Heretofore, carbon black is frequently used as a filler for rubber reinforcement. Because, the carbon black can be given a high reinforcing property and an excellent wear resistance as compared with the other fillers. On the other hand, with the escalation in the recent social demand on energy saving and in the interest on the environmental problem are more increasing the attention of low fuel consumption in automobiles and the demand on the low heat buildup in the rubber composition for tires accompanied therewith. As a countermeasure is considered the decrease of the filling amount of carbon black or the use of large particle size carbon black. In these cases, however, there is known that it is unavoidable to lower the reinforcing property, wear resistance and gripping property on wet road surface. On the contrary, silica hydride (wet silica) is known as a filler for establishing the low heat buildup and the gripping property on wet road surface (see, for example, JP-A-3-252431, JP-A-6-248116, JP-A-7-70369, JP-A-8-245838 and JP-A-8-337687), and many studies and developments are made.

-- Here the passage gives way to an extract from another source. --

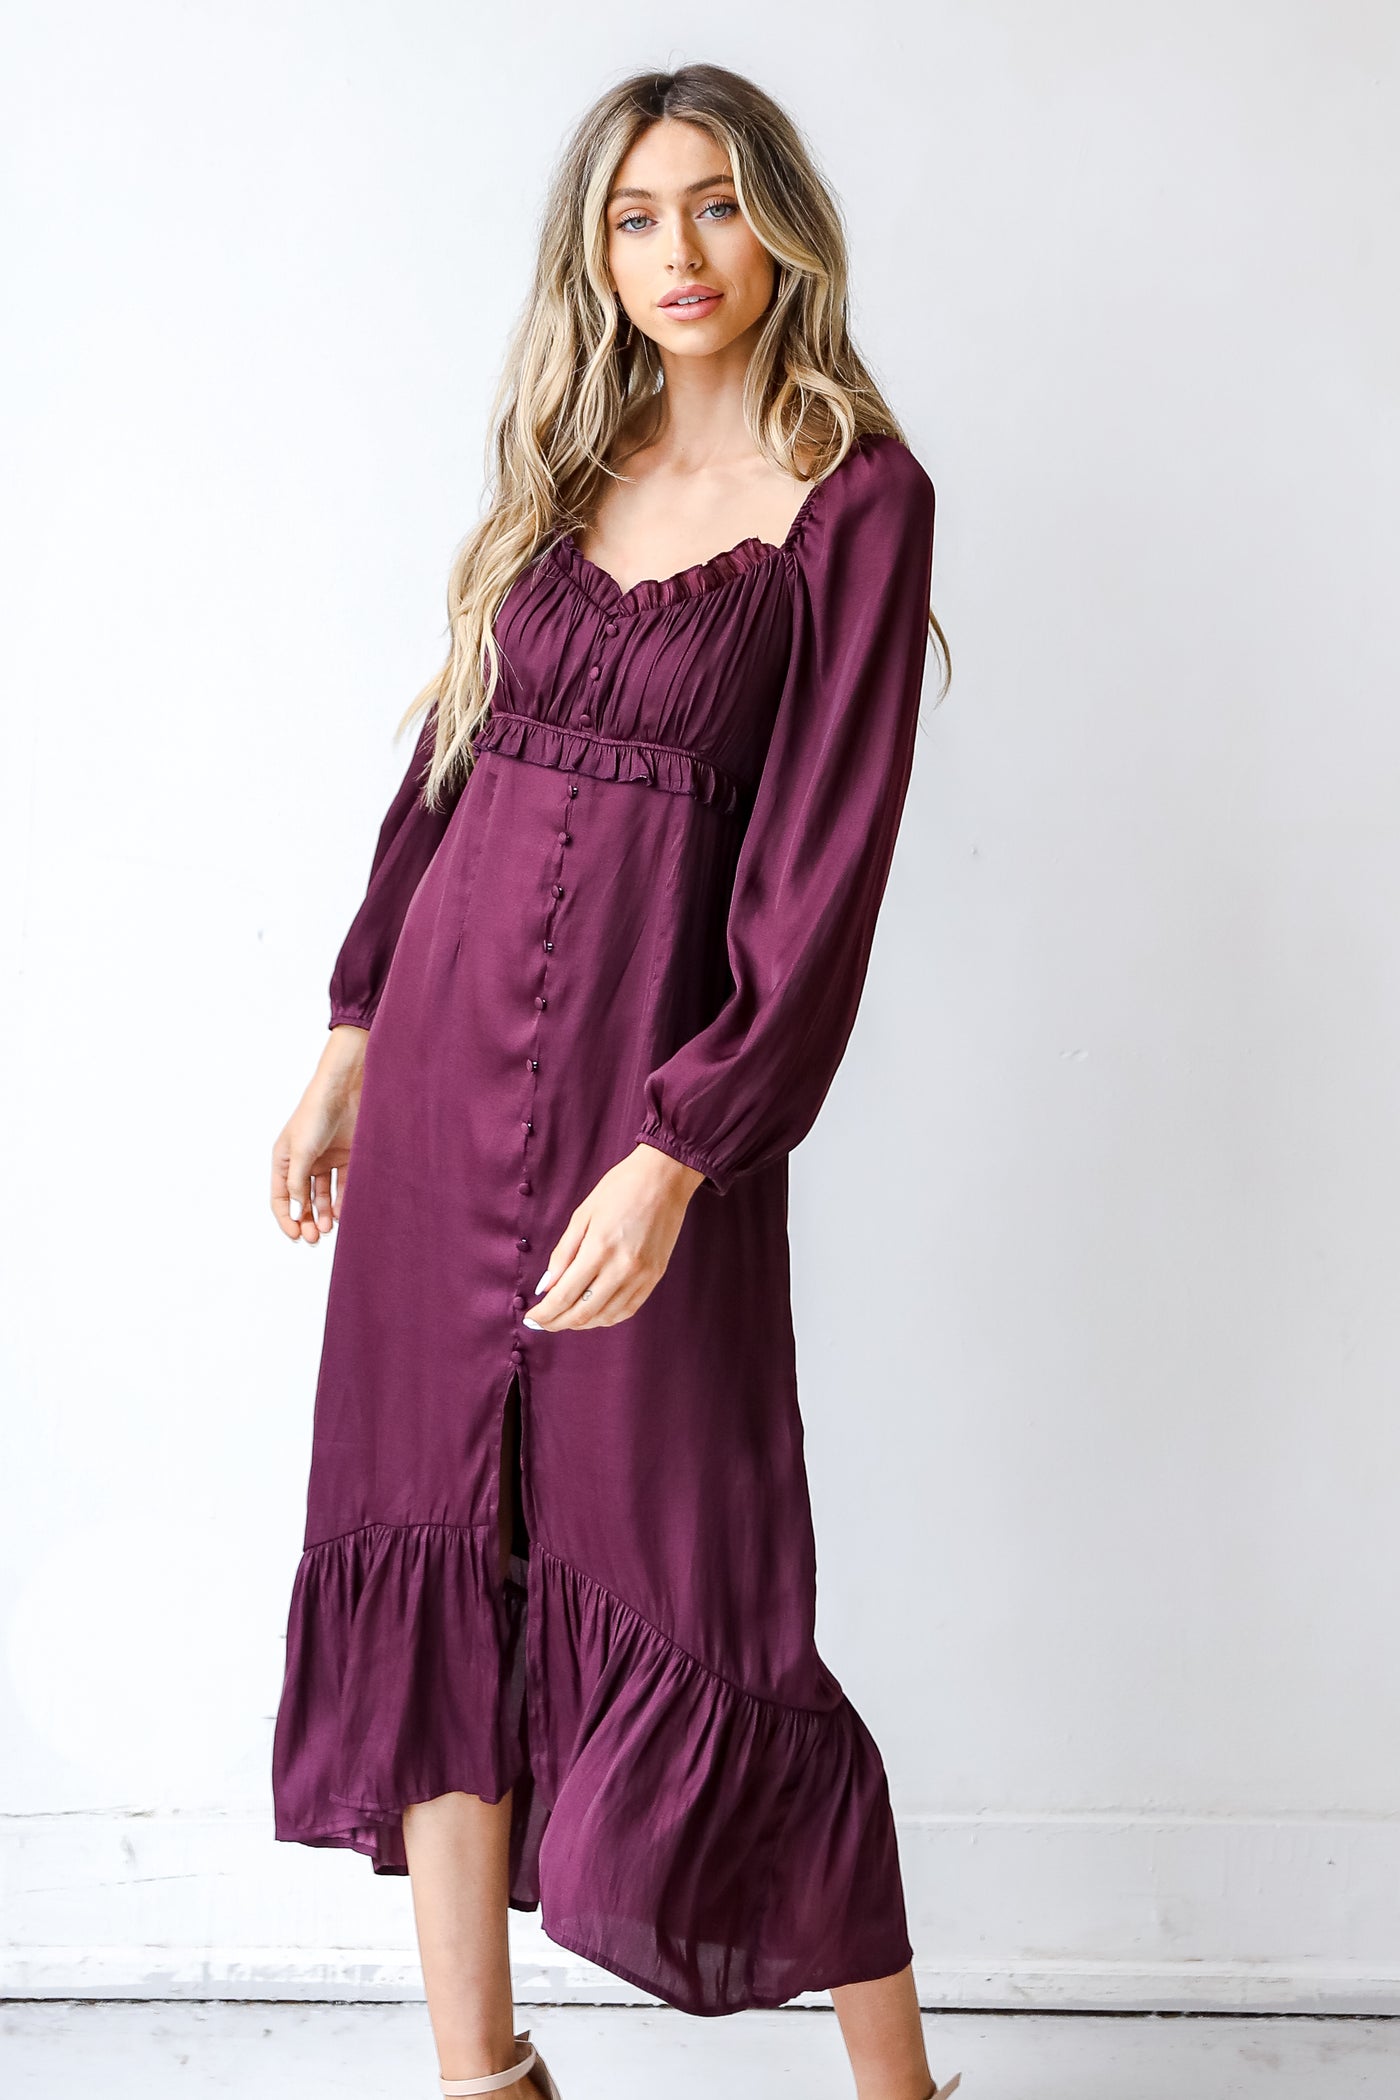 Midi Dress in burgundy on model

However, silica has a tendency that particles are aggregated to each other due to hydrogen bond of silanol group as a surface functional group, so that it is required to prolong the milling time for improving the dispersion of silica particles into rubber. Also, the dispersion of silica particles into rubber is insufficient, so that there are drawbacks that the Moony viscosity of the rubber composition becomes high and the processability in the extrusion or the like is poor. Furthermore, since the surfaces of silica particles are acidic, they have a drawback that a basic substance used as a vulcanization accelerator is adsorbed to conduct the insufficient vulcanization of the rubber composition and hence the elastic modulus is not increased. In order to solve the above-drawbacks, silane coupling agents are developed. In the latter case, however, the dispersion of silica particles does not arrive at a sufficient level, and particularly it is difficult to industrially obtain the good dispersion of silica particles.
In order to provide rubber compositions having a low heat buildup, there have hitherto been made many technological developments for enhancing the dispersibility of the filler used in the rubber composition. Among them is most popularly made a method wherein a polymeric activating end of a diene polymer obtained an anion polymerization using an organolithium compound, particularly styrene-butadiene copolymer is modified with a functional group having an interaction with the filler. Under the aforementioned situations, it is variously attempted to apply this technique to a system using carbon black as a reinforcing filler.
For example, there are mentioned a method wherein carbon black is used as a reinforcing filler and the polymeric activating end is modified with a tin compound such as tin tetrachloride or the like (see JP-B-5-87530), a method wherein carbon black is used likewise the above and both the polymeric activating ends are modified with the tin compound (see JP-A-6-49279), a method wherein carbon black is used likewise the above and an amino group is introduced into the polymeric activating end (see JP-A-62-207342, JP-A-6-199923, JP-A-8-231658 and JP-A-8-225604) and the like.
However, almost of the improvements described in these patent articles are examined on the styrene-butadiene copolymer. Although the improving effect on the low heat buildup is recognized, when this copolymer is applied to a tread or the like of a heavy duty tire, it can not still be said that the low heat buildup is sufficient.
Further, in order to improve the low heat buildup and wear resistance, a high cis-polybutadiene rubber obtained by using a cobalt-nickel-neodymium catalyst has been used together with natural rubber from the old time. However, the low heat buildup is still insufficient likewise the above, so that the further improvement is required for satisfying the marketing needs.